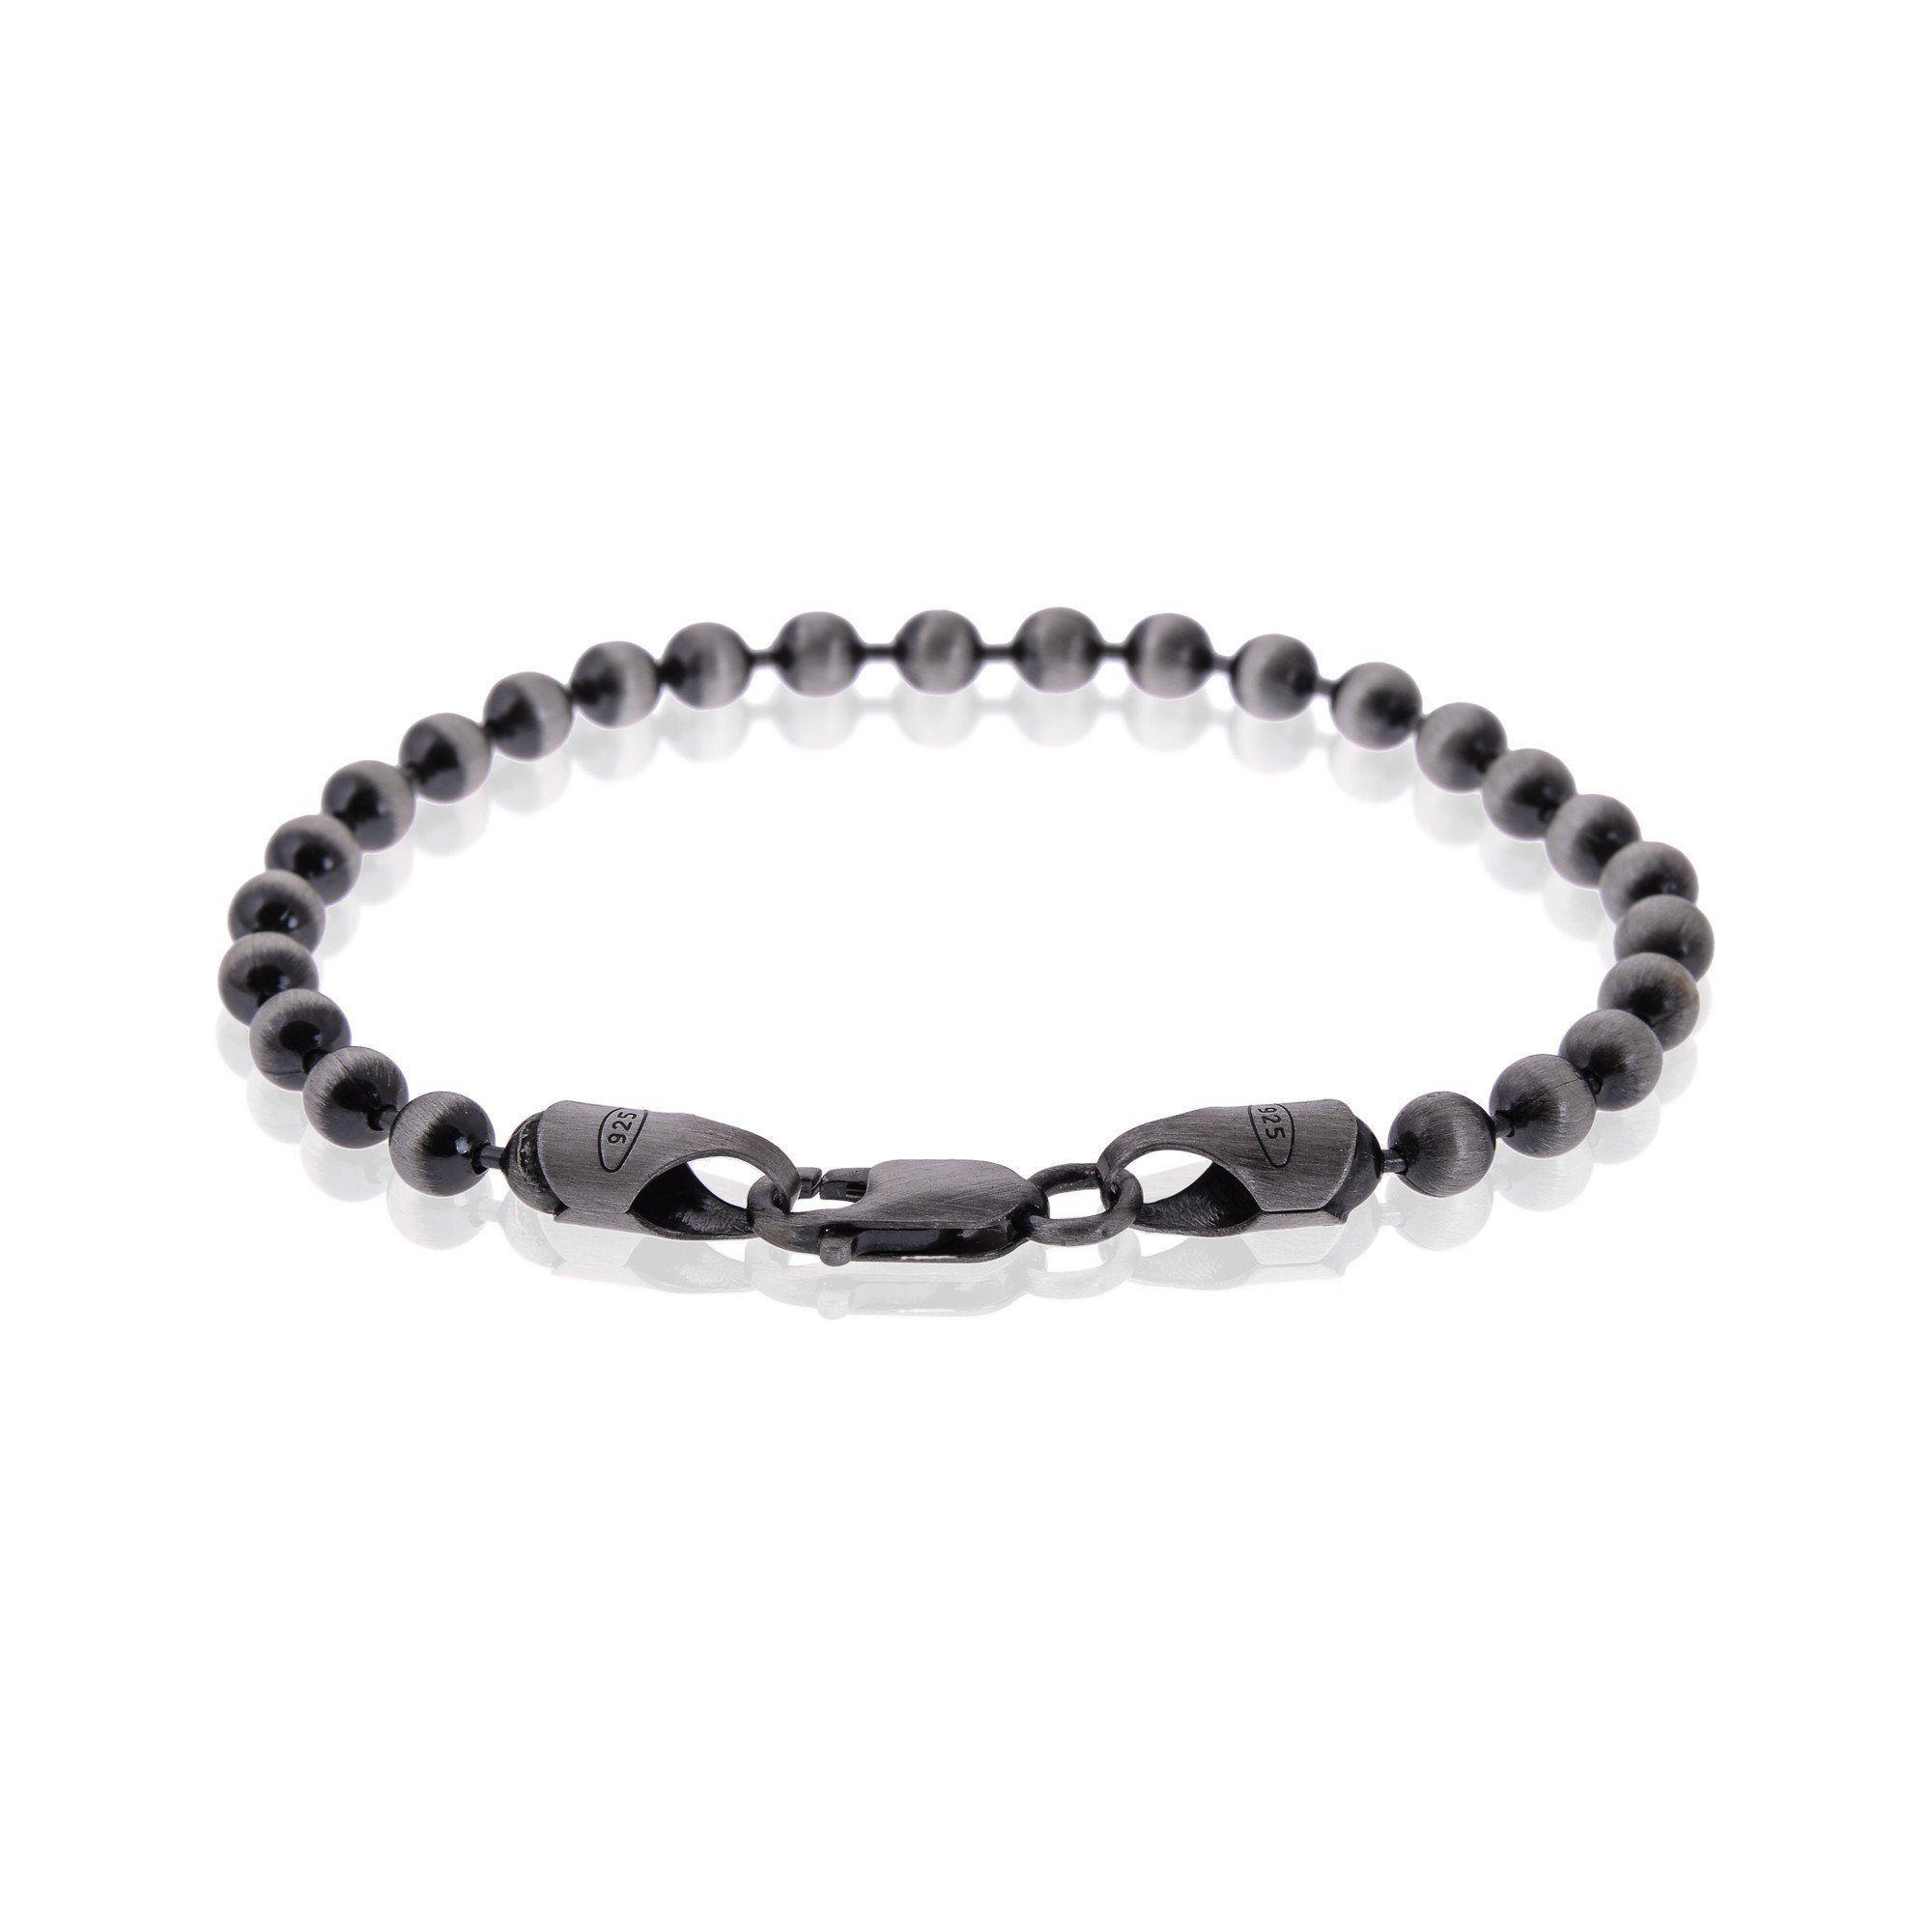 812d1a5e764 Men's Sterling Silver Ball Chain Bracelet | Shop Our Pins ...
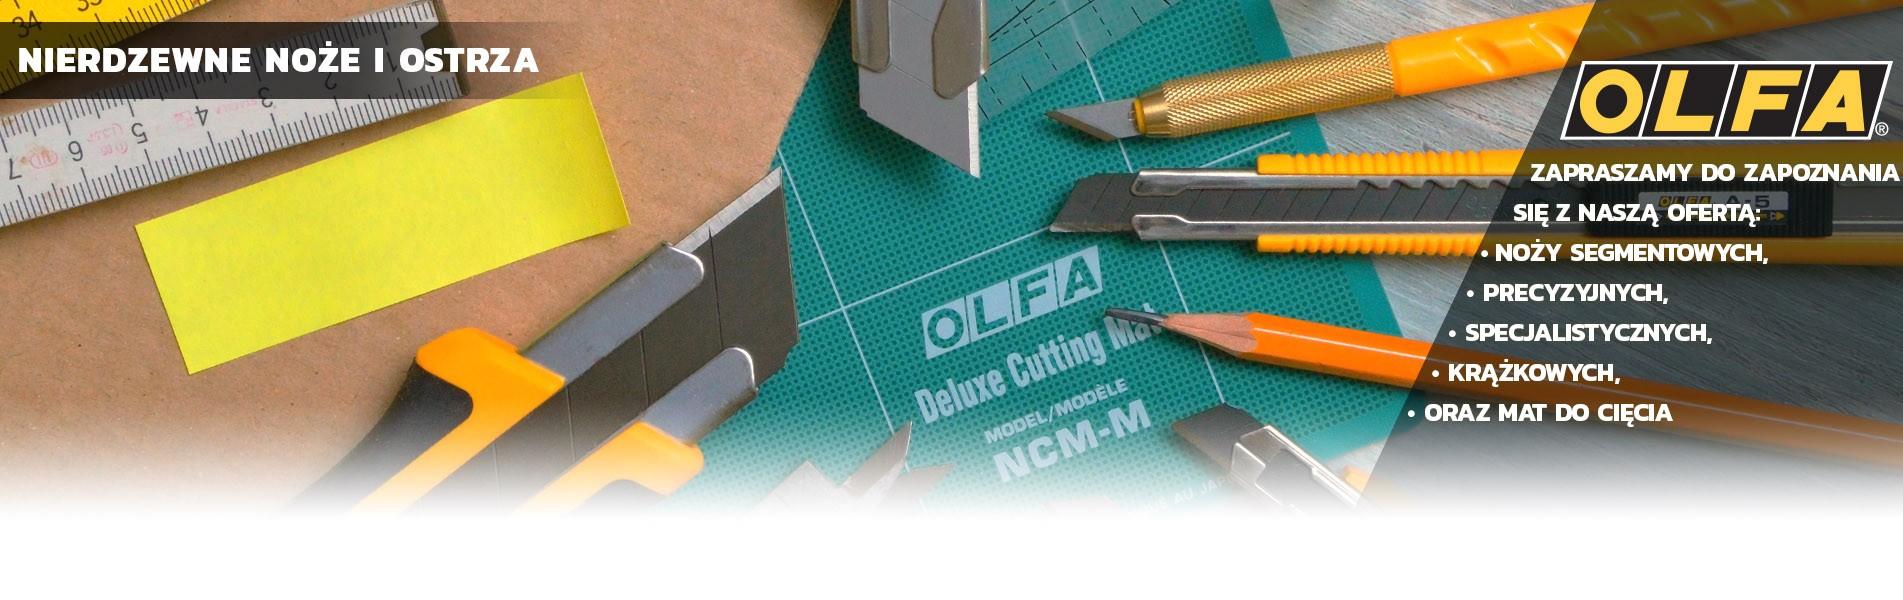 Zapraszamy do zapoznania się z ofertą producenta OLFA
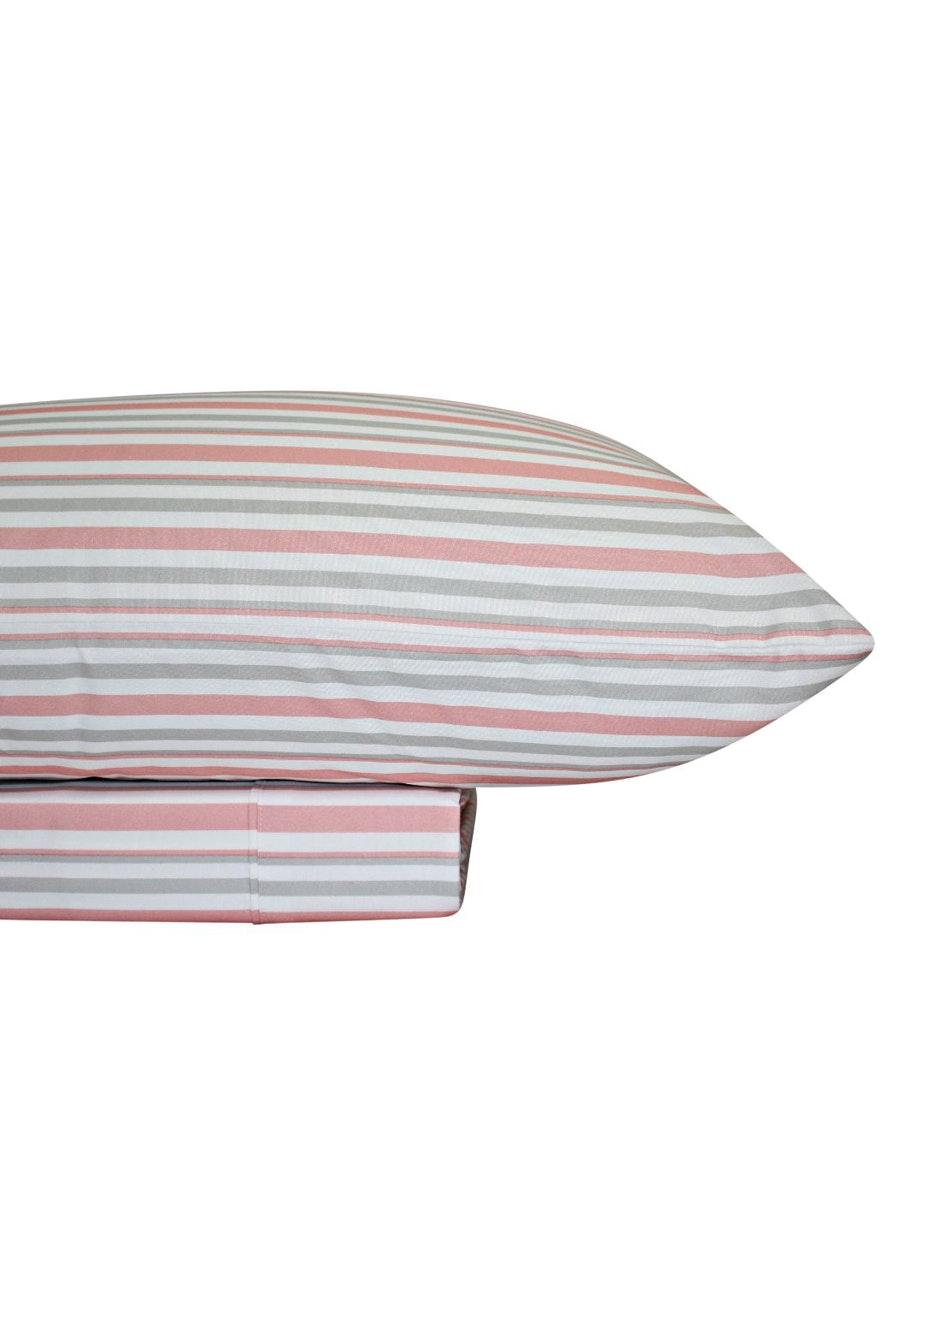 Thermal Flannel Sheet Sets - Stripe Design - Blossom/Glacier - Single Bed
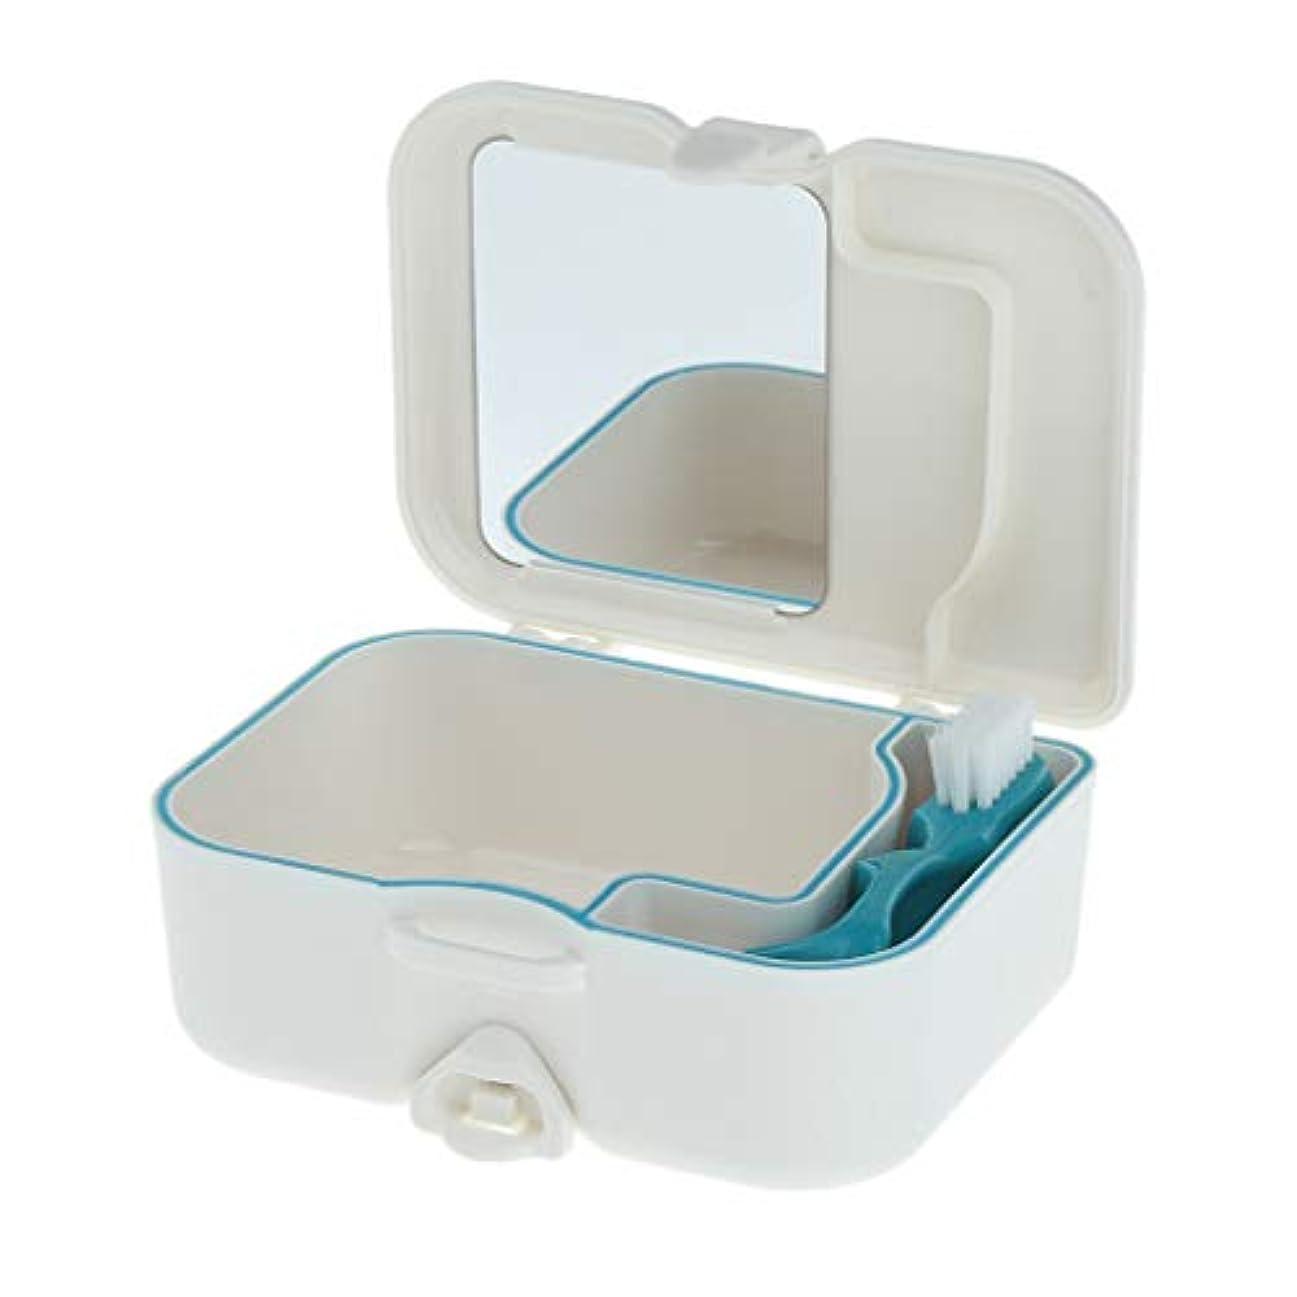 動かす貸し手供給義歯ケース 義歯容器 ミラー/ブラシ付 旅行
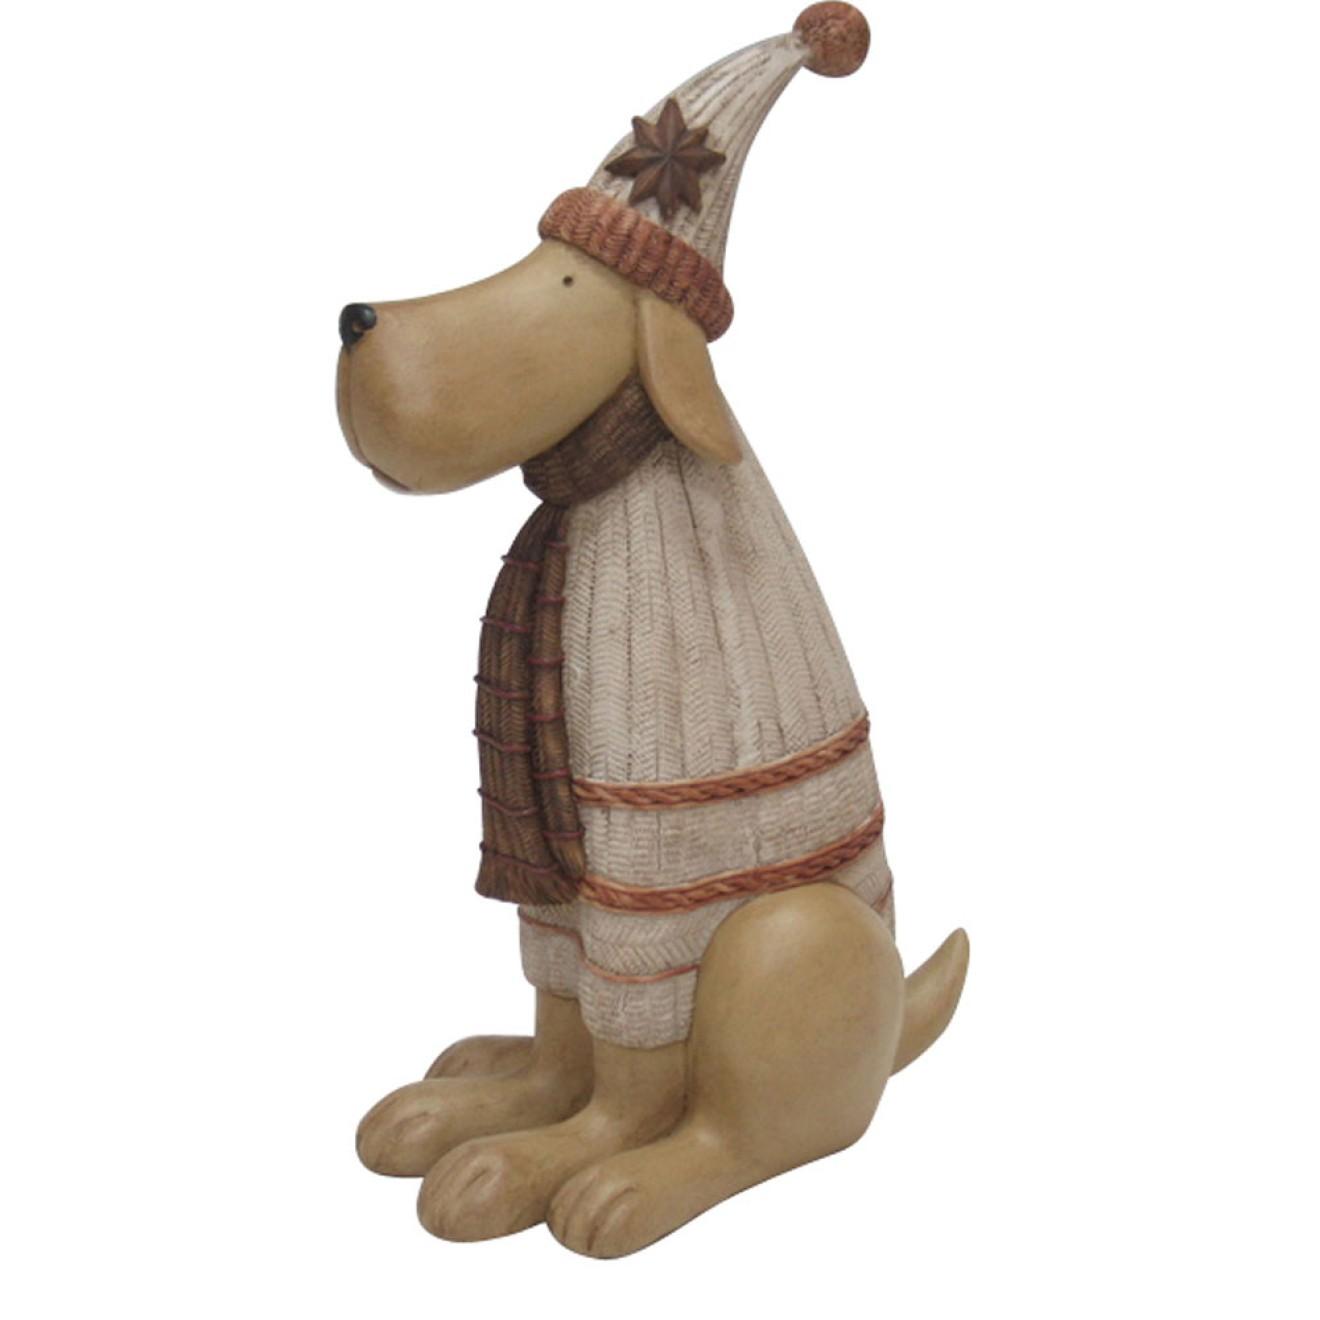 Weihnachtsdeko Hund.Weihnachtsdeko Hund Mit Pudelmütze 30 Cm

◆ **WHAT IS REQUIRED**: Print only the lines from the first line of the data above through the one containing "動かす貸し手供給義歯ケース 義歯容器 ミラー/ブラシ付 旅行", exactly as they are, with pictures omitted.

◆ **RESPONSE TO THIS EXERCISE**:
 812d1a5e764 Men's Sterling Silver Ball Chain Bracelet | Shop Our Pins ...
 Zapraszamy do zapoznania się z ofertą producenta OLFA
 Thermal Flannel Sheet Sets - Stripe Design - Blossom/Glacier - Single Bed
 動かす貸し手供給義歯ケース 義歯容器 ミラー/ブラシ付 旅行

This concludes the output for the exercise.